L’implantation de Nouadhibou remonte au début du XXᵉ siècle, sous l’influence européenne. Avant la colonisation, la zone était peu urbanisée, avec des activités de pêche locales. Sous domination portugaise puis néerlandaise, elle fut progressivement intégrée au réseau colonial français.

En 1907, par décret du gouverneur général de l’Afrique occidentale française Ernest Roume, la ville fut officiellement nommée Port-Étienne en l’honneur d’Eugène Étienne, ministre français des Colonies. À l’indépendance de la Mauritanie en 1960, la ville adopta le nom de Nouadhibou.

Développements économiques et infrastructure

Les infrastructures se sont développées rapidement à partir des années 1960, d’abord avec l’extension du port et ensuite avec la construction du chemin de fer minier vers les mines de Zouérat et Fdérik (environ 674 km à l’intérieur des terres), facilitant l’exportation du ** minerai de fer**, aujourd’hui l’une des industries principales de la région.

Rôle migratoire contemporain

Depuis le début des années 2000, Nouadhibou est également devenue un point de départ majeur pour les migrants africains cherchant à atteindre l’Europe, notamment les îles Canaries, via des traversées maritimes périlleuses. Cette dimension migratoire a façonné une réalité sociale complexe, avec une population diverse confrontée à des enjeux de sécurité, de mobilité et de droit d’asile.


5. Économie et activités

Port et pêche

Le port de Nouadhibou est au cœur de l’économie locale.
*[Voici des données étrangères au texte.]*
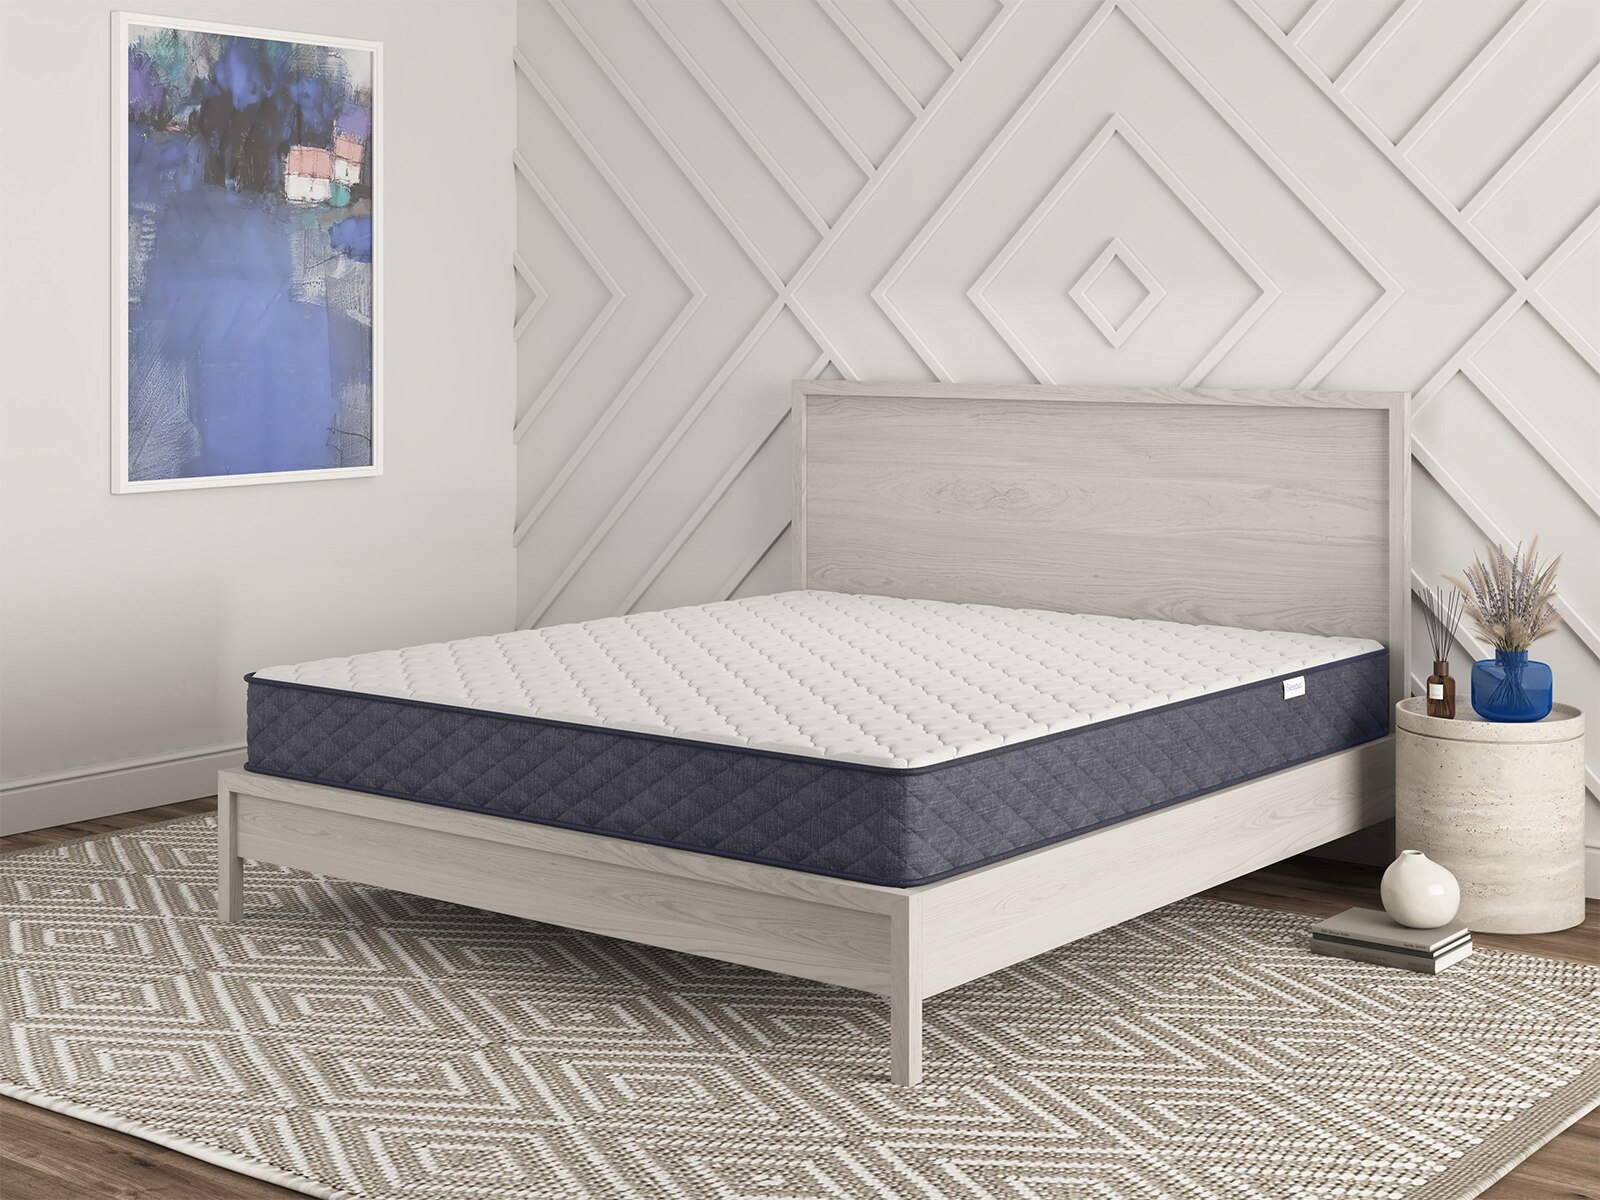 sleepy's rest 10 firm innerspring mattress reviews
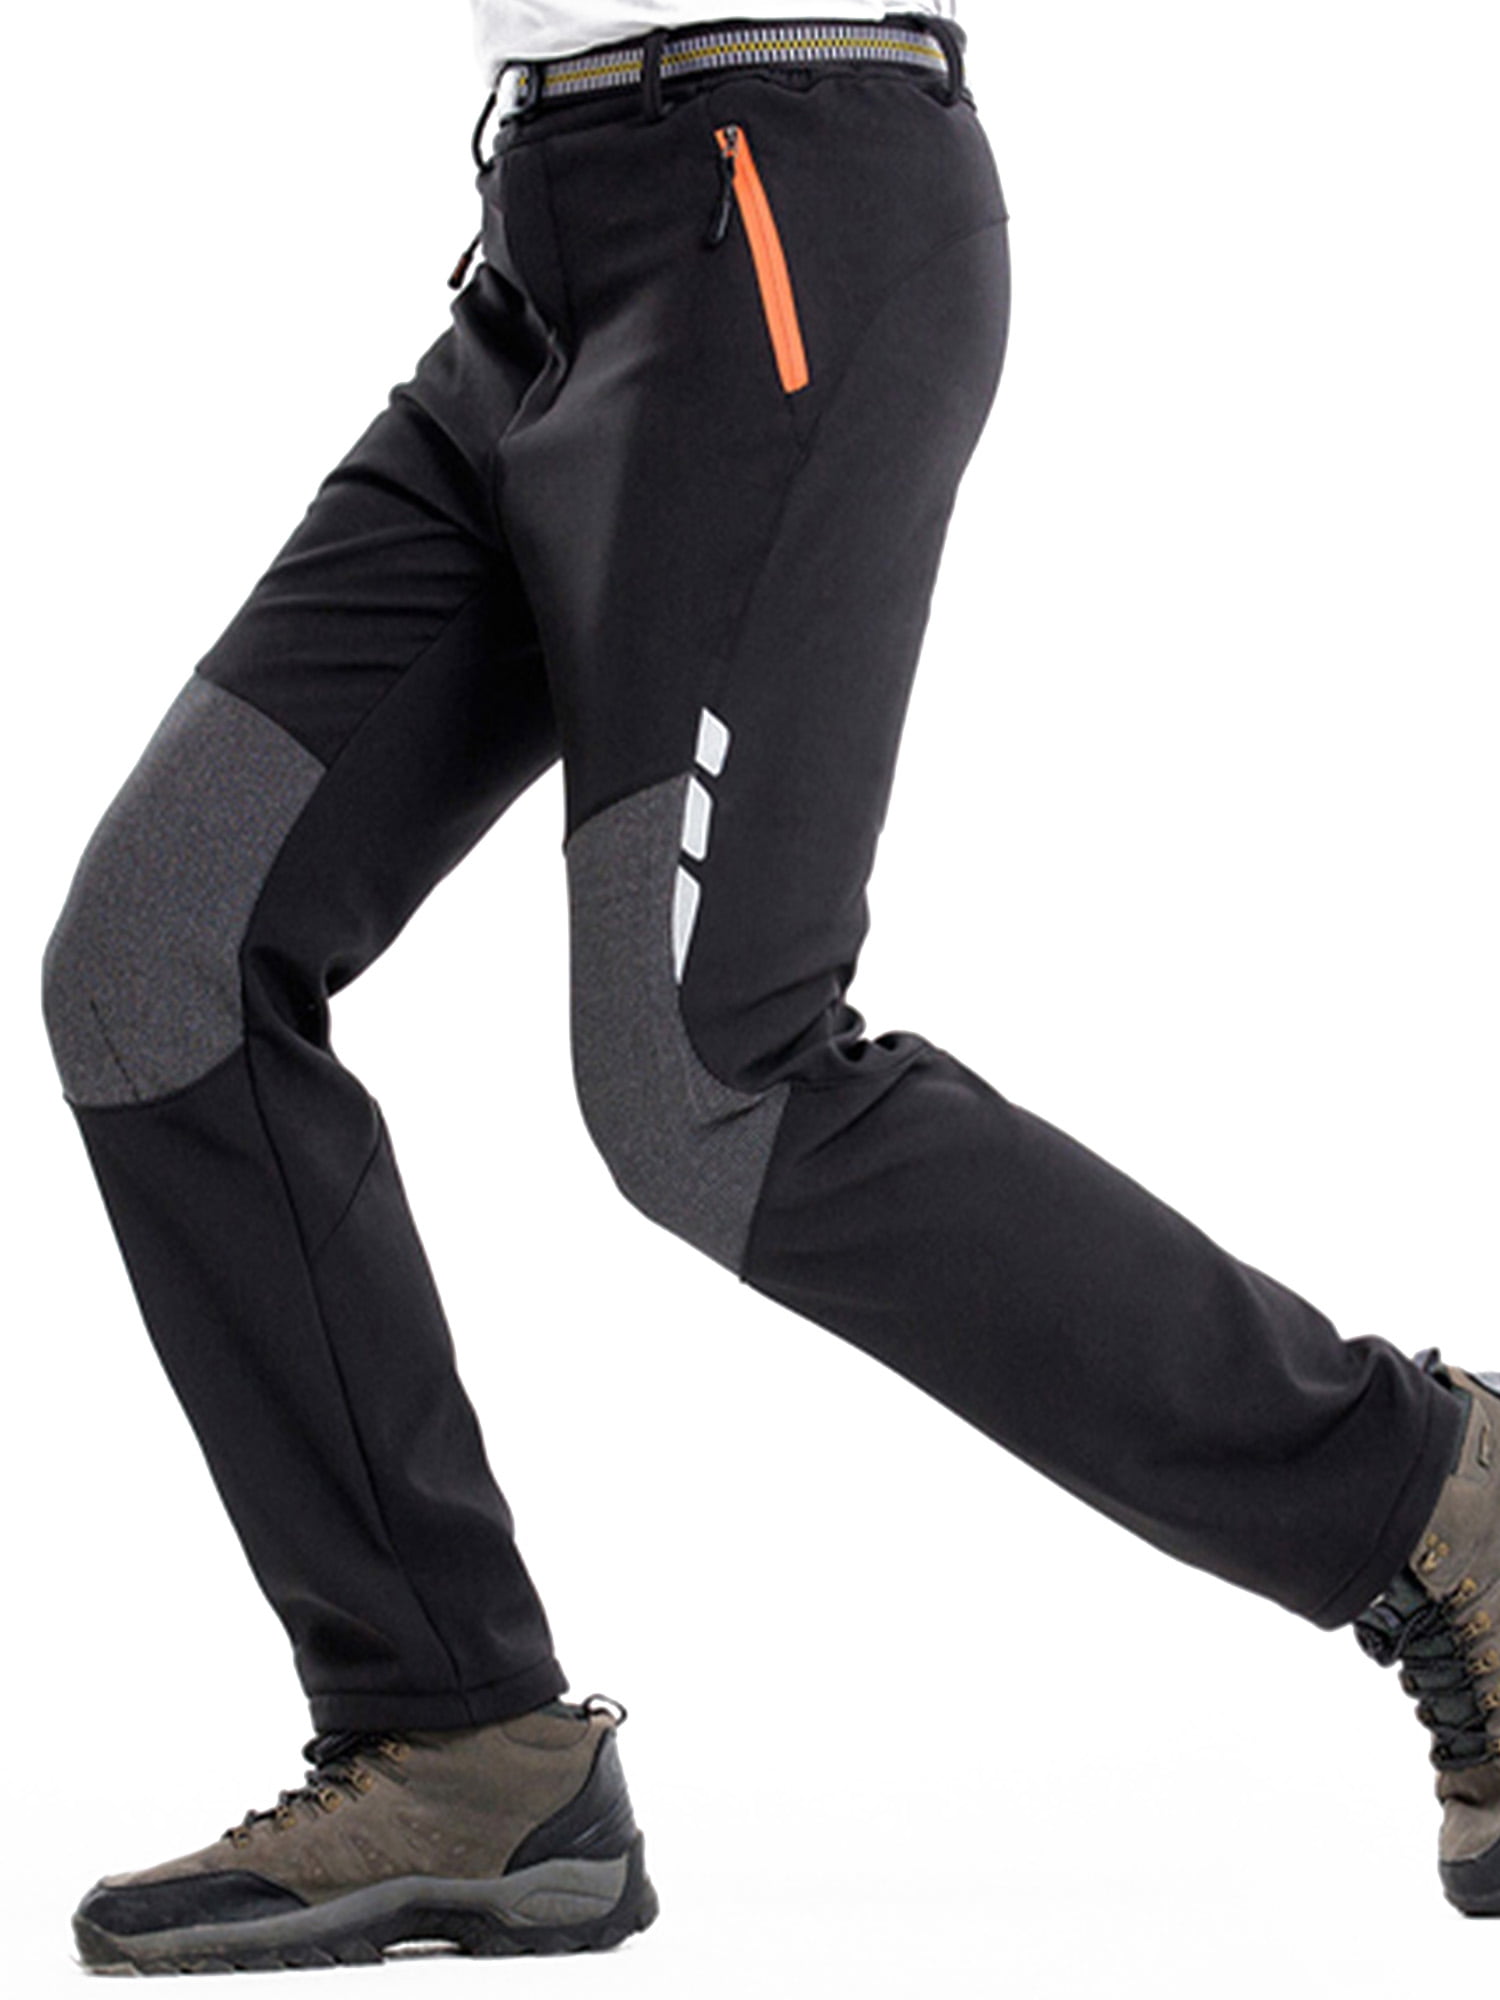 Men's Waterproof Snow Ski Pants Fleece Lined Ripstop Windproof Outdoor Hiking Snowboard Pants Zipper Bottom Leg with Belt

Traditionnellement un centre de pêche essentiel — profitant des eaux riches en petits pélagiques de l’Atlantique — il accueille encore aujourd’hui des flottes locales et internationales.

Paradoxalement, certaines zones du port présentent un ensemble de navires abandonnés formant ce qui est souvent décrit comme l’un des plus grands “cimetières de navires” au monde, résultat de pratiques de décharge anciennes.

L’activité portuaire est intimement liée à l’exportation de minerai de fer, acheminé par le chemin de fer depuis l’intérieur saharien mauritanien, qui demeure la colonne vertébrale industrielle de la région.

Commerce et services

Outre l’industrie extractive, la ville dispose d’un tissu de commerces, marchés, services et connexions de transport qui en font un centre névralgique pour le commerce transfrontalier et les liaisons régionales avec le Sahara Occidental, le nord du pays et la façade atlantique.


6. Enjeux contemporains

Nouadhibou fait face à plusieurs défis structurants :

  • La gestion durable des ressources halieutiques, avec des pressions croissantes sur les stocks de poissons et des enjeux géopolitiques autour des accords de pêche internationaux.
  • La pression migratoire, qui met en lumière des questions de droit humain, de sécurité maritime et d’intégration locale.
  • L’infrastructure urbaine et les besoins sociaux, notamment en matière d’emploi, d’accès aux services publics et d’organisation du développement urbain.